DATA TO USE ▸

----

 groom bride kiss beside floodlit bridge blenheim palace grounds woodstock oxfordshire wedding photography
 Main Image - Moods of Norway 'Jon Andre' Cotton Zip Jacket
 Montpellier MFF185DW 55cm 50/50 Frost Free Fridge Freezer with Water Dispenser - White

----

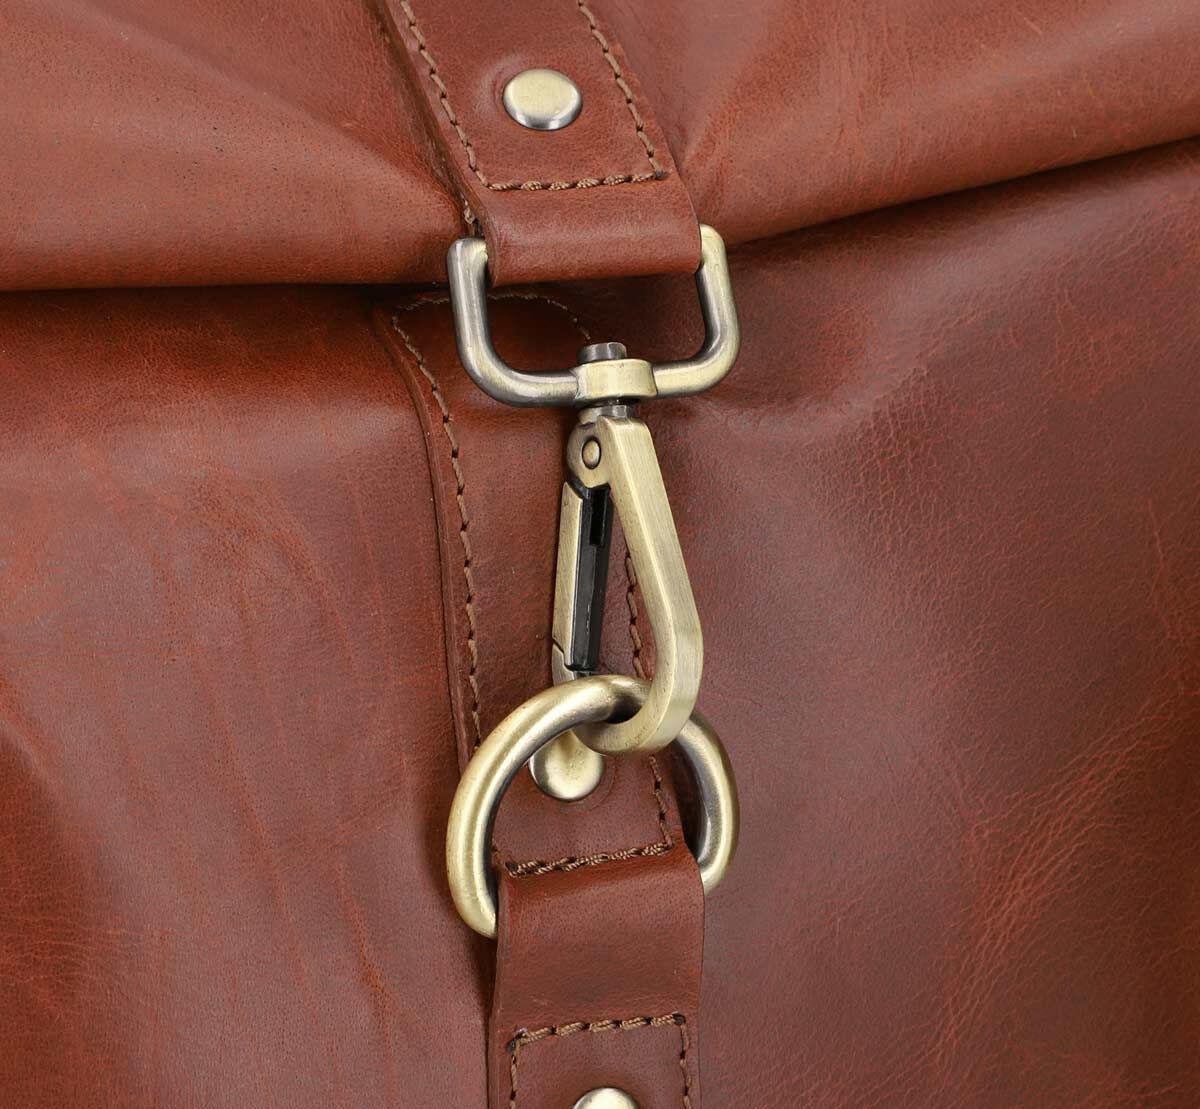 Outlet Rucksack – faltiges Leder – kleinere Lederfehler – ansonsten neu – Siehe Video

----

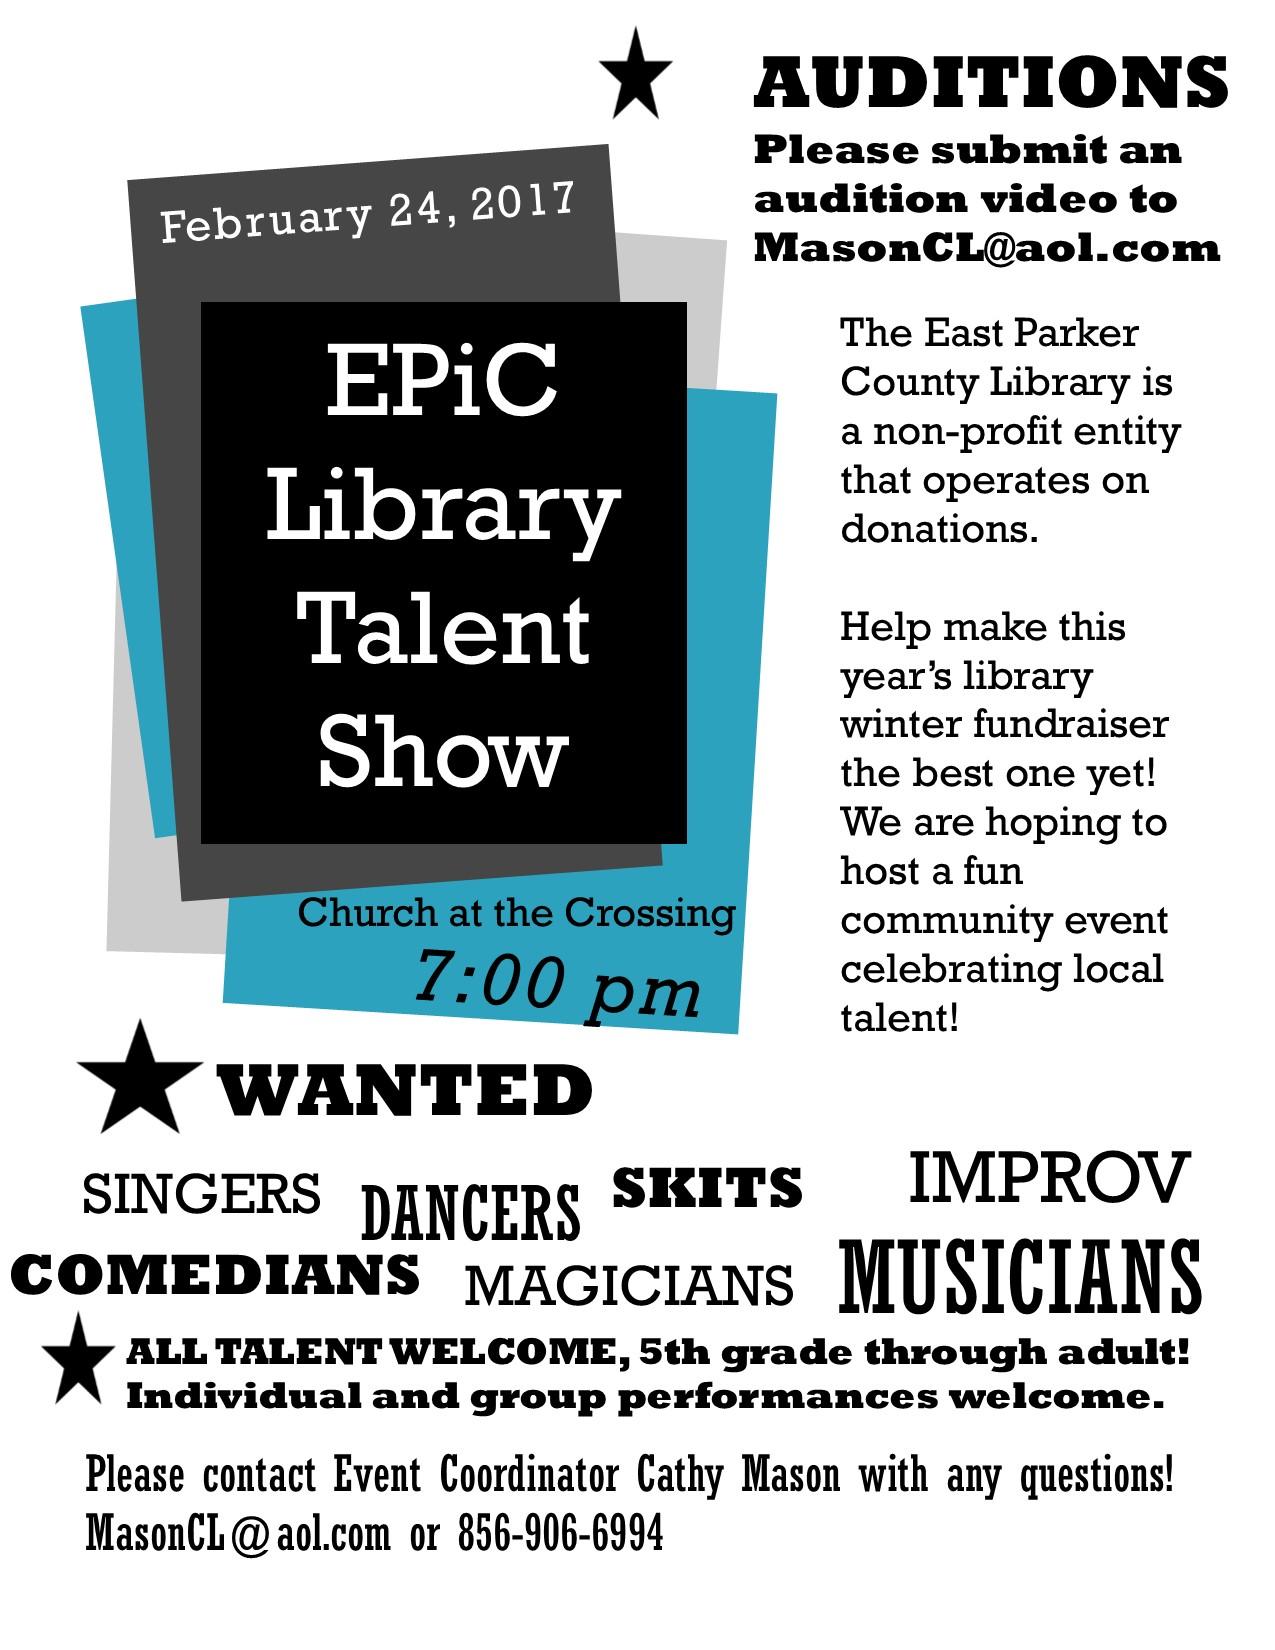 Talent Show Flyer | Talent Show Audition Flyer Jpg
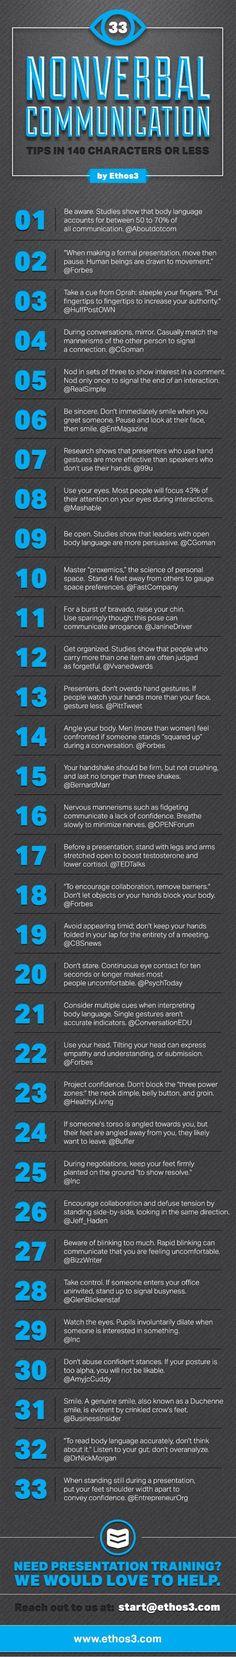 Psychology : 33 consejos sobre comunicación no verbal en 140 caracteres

----

TASK STATEMENT ▸ Your answer should be the lines above from the one containing "groom bride kiss" through the one containing "Montpellier MFF185DW 55cm", copied exactly and with both ends kept.

OUTPUT OF THE TASK ▸
 groom bride kiss beside floodlit bridge blenheim palace grounds woodstock oxfordshire wedding photography
 Main Image - Moods of Norway 'Jon Andre' Cotton Zip Jacket
 Montpellier MFF185DW 55cm 50/50 Frost Free Fridge Freezer with Water Dispenser - White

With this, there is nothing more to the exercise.